Making Hadoop Work in More Places With Hadapt

A Yale computer science project has turned into a company that’s attempting to combine the scalability of Hadoop with an ability to perform analytics with both structured and unstructured data. Hadapt launches today at the Structure: Big Data conference in New York, with an undisclosed amount of seed funding and the goal of making Hadoop more broadly applicable for analytics.

The company, which was founded last year, is based on technology commercialized from Yale University, said Justin Borgman, CEO and co-founder of Hadapt. The idea was to help make Hadoop — the open-source, large-data analytics technology inspired by Google’s (s goog) MapReduce software — more enterprise friendly. Borgman says the primary benefits are Hadapt’s ability to work with unstructured and structured data, and an SQL-like interface.
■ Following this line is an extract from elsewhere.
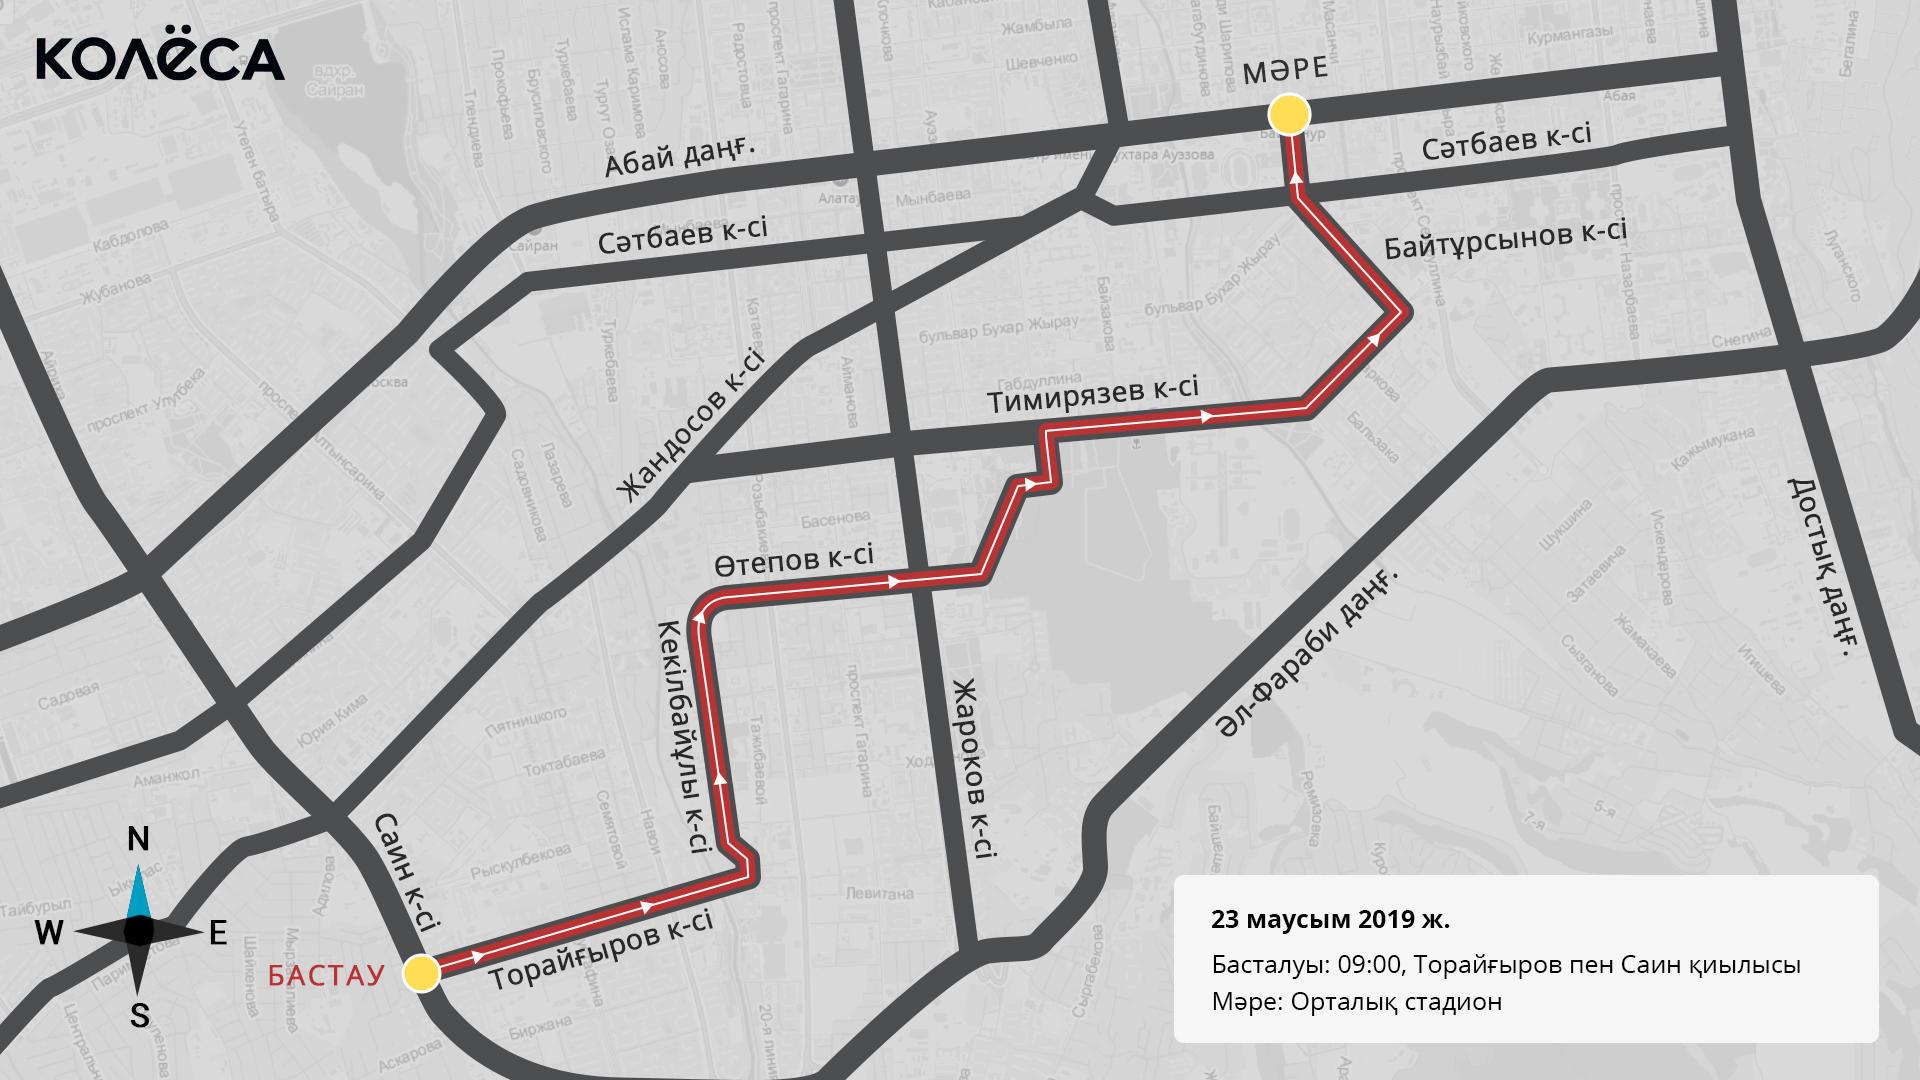 23 маусымда Алматыда веложарыс өтеді
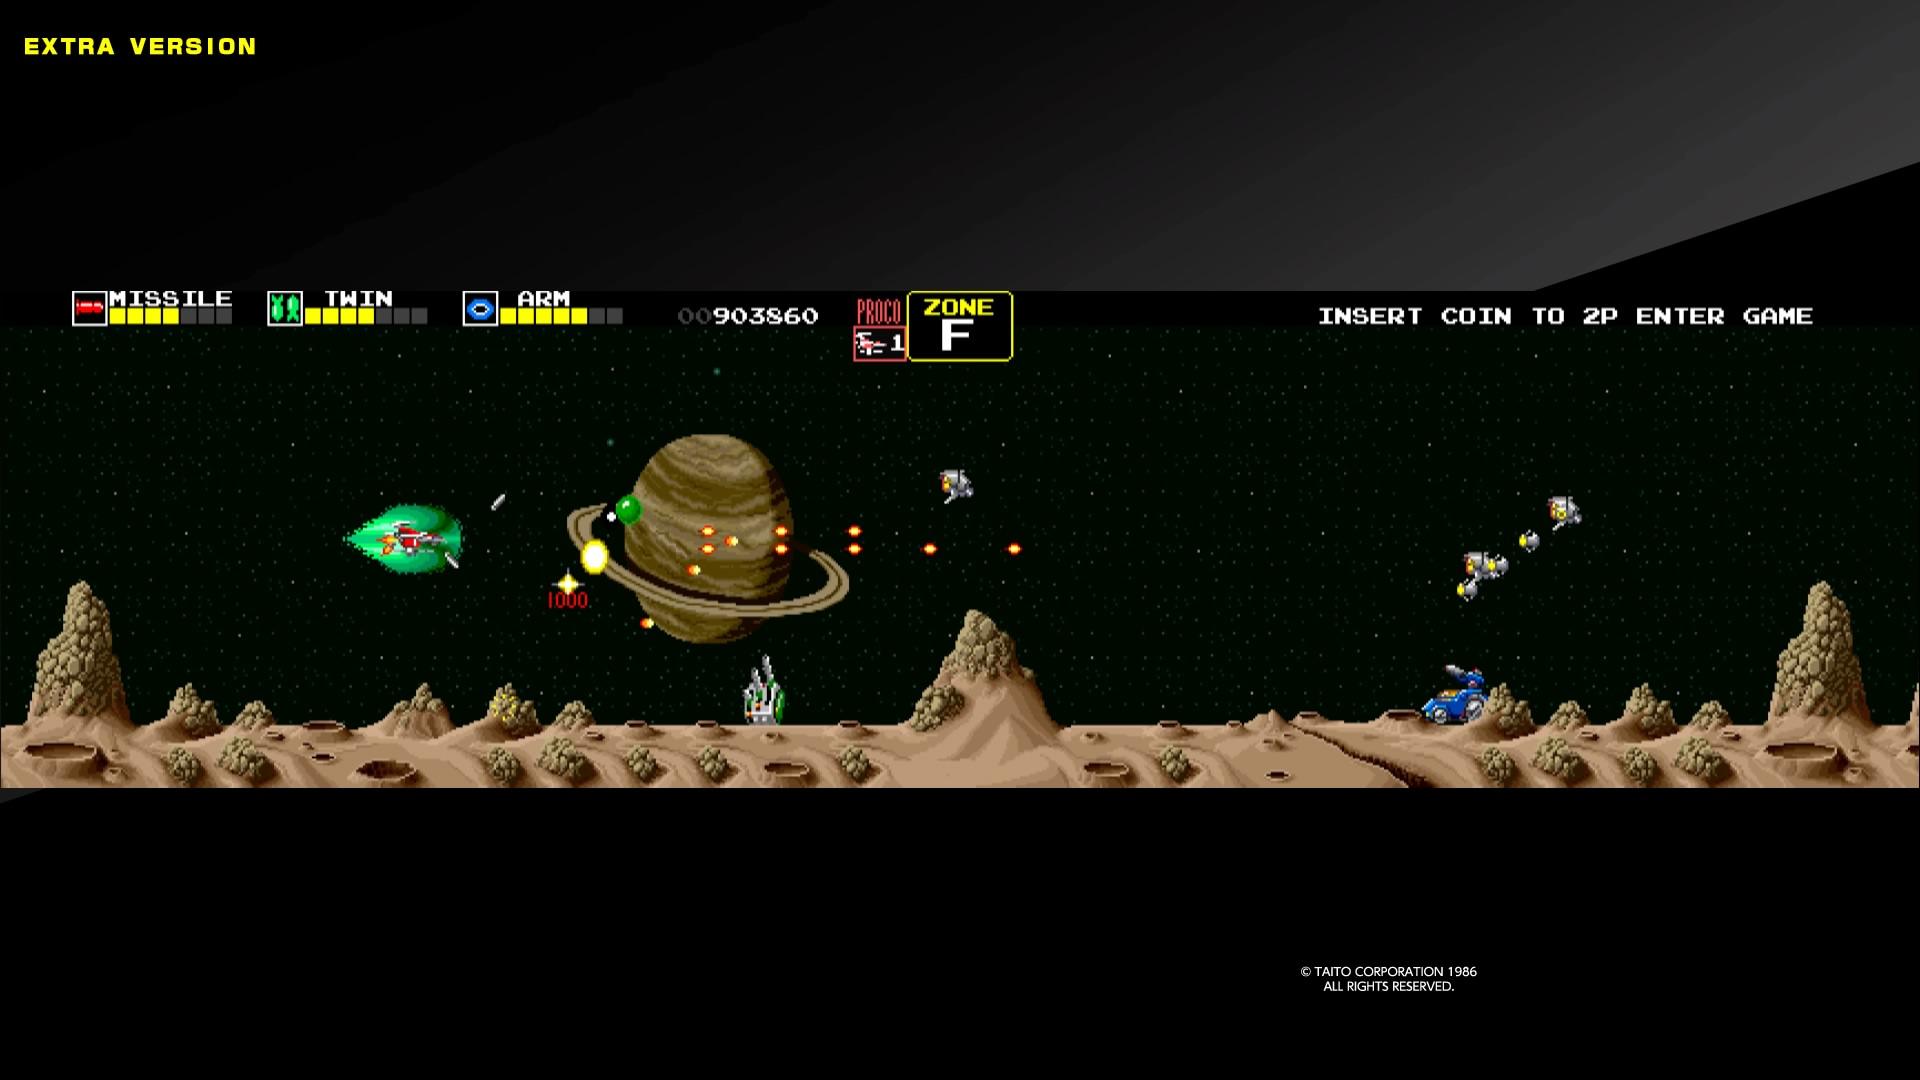 シューティングゲームとしてはオーソドックスな作り。画面が横に長いため、弾切れを起こすことも

Companies running analytics applications on virtualized environments would also see speed gains using Hadapt, although many companies try to run their databases on non-virtualized environments because running multiple databases on virtualized servers tends to slow them down. However, for those who have smaller database environments or want to try to cram everything into a cloud, Hadapt might offer performance benefits.

The software runs on any hardware and can be clustered in a heterogenous environment. The bigger idea behind Hadapt is to replace the large-scale proprietary data-warehousing gear offered by EMC (s emc), Teradata (s tdc) and Netezza (now a division of IBM) (s ibm). In the last few months, many of the large computer systems makers have spent billions buying up software to help analyze structured data with Greenplum going to EMC, HP buying Vertica (s hpq) and Teradata scooping up Aster. Borgman looks at those deals and says, “The playing field is now cleared for companies like ours.”